At heart, it's a portrait of a woman who's on the edge and doesn't quite know it. Michelle Williams plays Margot, a vaguely dissatisfied 28-year-old in middle-class Toronto married to Fozzy-Bear-cuddly Lou (Seth Rogen), who's writing a chicken cookbook.

Their relationship is happy, comfortable, dull, and involves a lot of baby talk (ugh) and mock-vicious threats, so when Margot meets hunky Daniel (Luke Kirby) on a plane and then discovers that they live opposite each other, you know that trouble's on the way. "I'm afraid of connections," she says, referring to her phobia around airports but meaning something, uh, deeper.

The line illustrates Polley's shortcoming: she's a much better director than she is a writer.

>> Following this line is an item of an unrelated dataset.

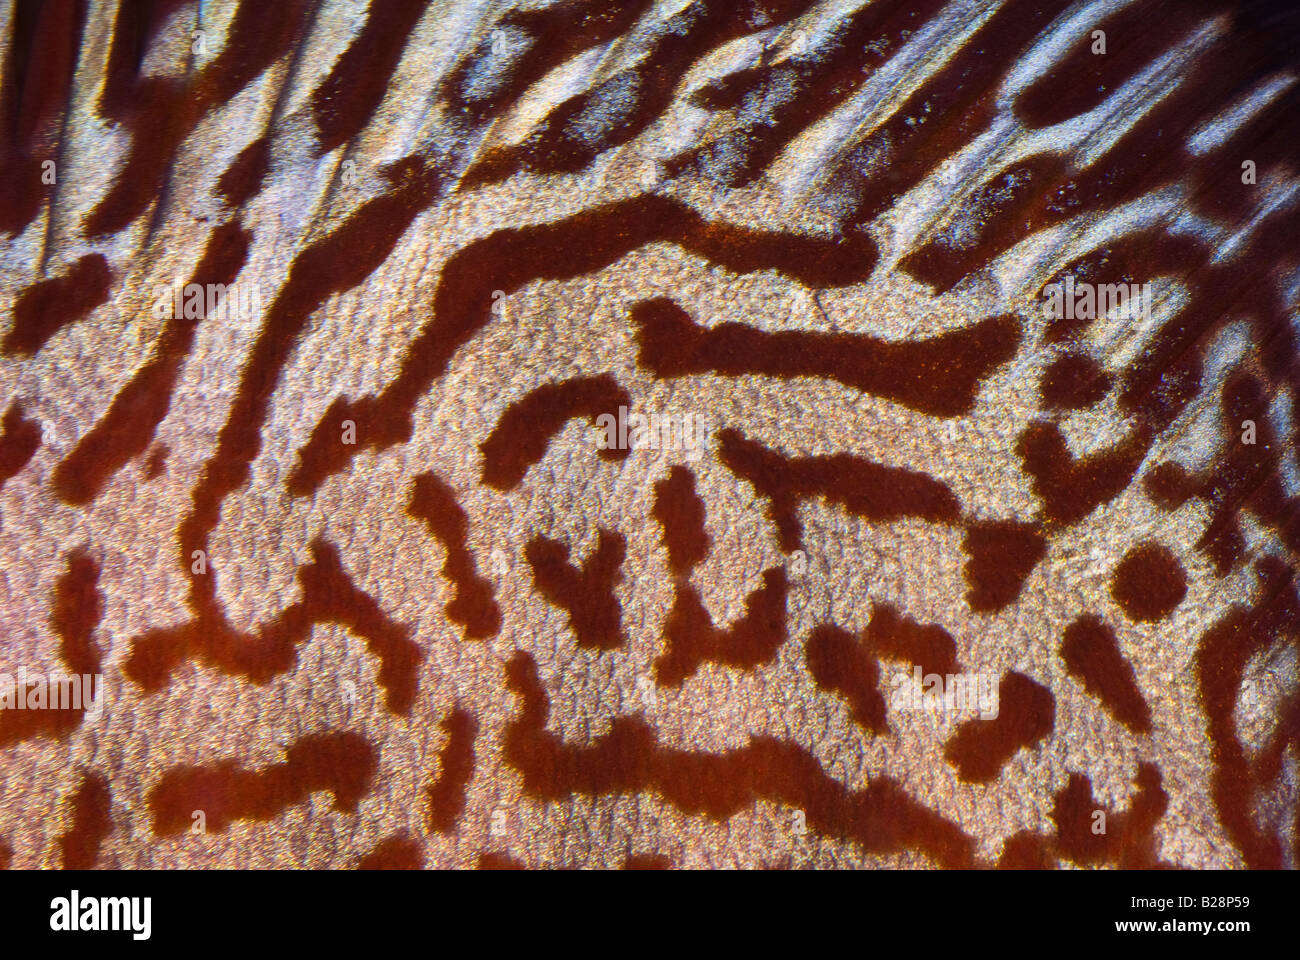 Symphysodon aequifasciata, discus skin, South America Cichlid Stock Photo

Her summoning of mood is tremendously assured, such as the scene in which Margot and Daniel ride a fairground waltzer to the yearning strains of "Video Killed The Radio Star" – and look broken by its sudden ending.

But the backstories ring false: Margot never seems to do any work (she's meant to be a freelance travel writer), Daniel is too well-off to be a rickshaw driver, and Lou looks like a guy who's never read, let alone written, a recipe in his life. Williams has fine expressive features, but she's often as annoying as she is adorable, too ready to wrap herself in a shawl of waifish victimhood.

After Wendy and Lucy, Blue Valentine, My Week With Marilyn and now this, I feel guilty saying that she can be a bit of a wet blanket. Take This Waltz has its moments, and a lot else you could call self-absorbed tripe.